The monistic conception of “body without soul” (e.g. organ medicine ), which is still widespread in its technical and practical applications, has triggered a spiritualistic and idealistic counter-movement of “soul without body”. The well-known statement by Rudolph Virchow that he has already dissected many corpses without ever encountering a soul speaks in favor of the consistent conception in the sense of the machine paradigm of “body without soul” .

In order to better understand these positions, it seems important to consider the development of the machine paradigm in the history of ideas.

Representatives of mechanistic teachings

Descartes

Fig. 1. René Descartes considered animals - in contrast to humans - to be reductively explainable automatons - De homine (1622). The illustration shows the mechanical duck by Jacques de Vaucanson from 1738. Of course, Descartes knew that a duck had no gears inside.

René Descartes (1595–1650) assigned self-confidence to humans and declared animals to be machines (Fig. 1). With this pragmatic notion he outlined the methodology of physiology . Because of his distinction between res extensa and res cogitans , Descartes is not to be regarded as the originator of the dualism of body and soul ( body-soul problem ). To explain: res extensa = physical expansion (in space); res cogitans = thinking. If these two criteria are distinguished, then thinking (as well as spirit and soul) does not belong to the spatially extended body areas.

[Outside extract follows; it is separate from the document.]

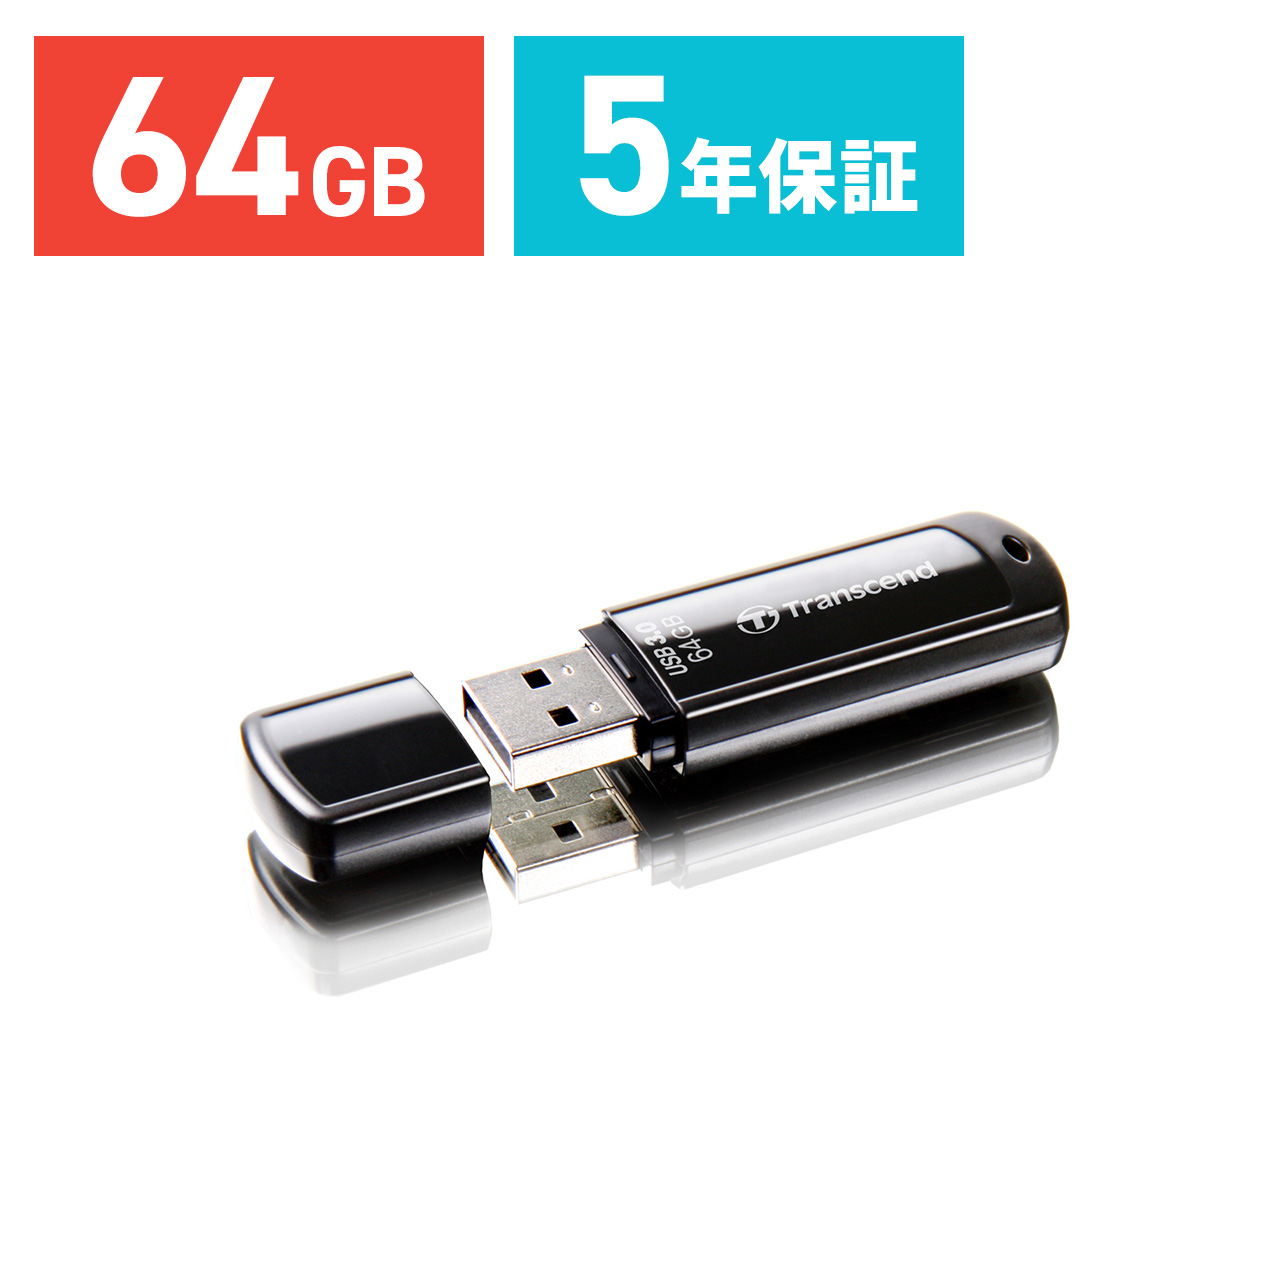 USBメモリ 64GB USB3.1(Gen1) Transcend社製 TS64GJF700 5年保証
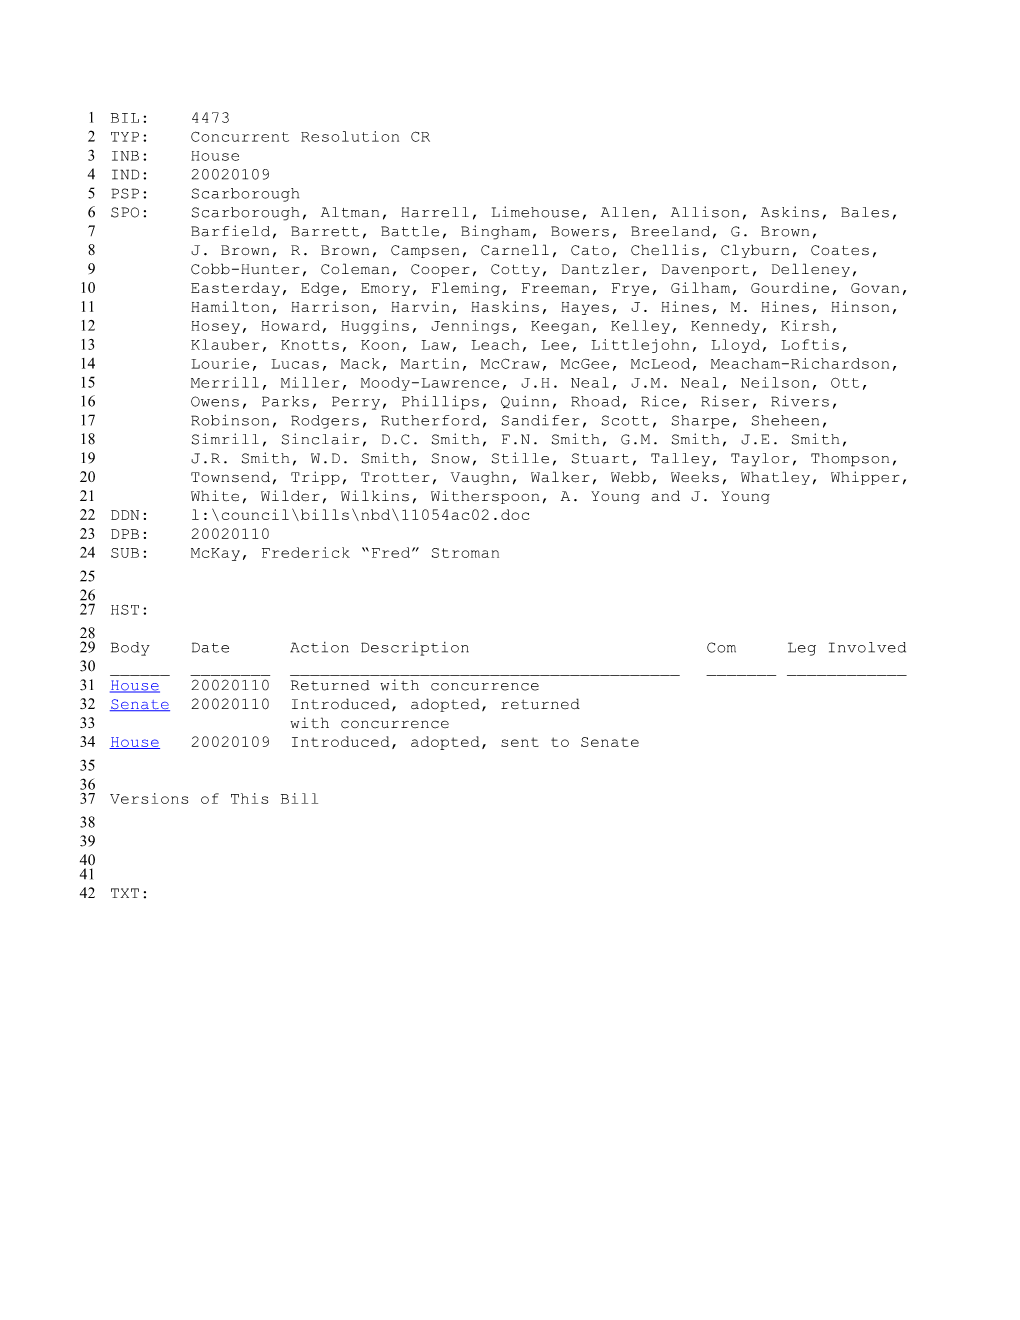 2001-2002 Bill 4473: Mckay, Frederick Fred Stroman - South Carolina Legislature Online

Nevertheless, Descartes assumed that the interaction between body and soul took place in the unpaired pineal gland . However, Descartes does not consider it the seat of the soul. A body-soul dualism can already be found in Plato. The play on words soma (body) = sema (tombstone) comes from him , with which the body ultimately becomes the prison of the soul. Descartes believes that the soul is connected to all organs of the body as an indivisible substance. He writes in his sixth meditation:

“… Nature teaches me through the experience of pain and hunger, thirst etc.… that I don't live in my body like the captain in a ship, but that I am deeply united with him, so to speak mixed with him, so that I seem to form a unit with him. "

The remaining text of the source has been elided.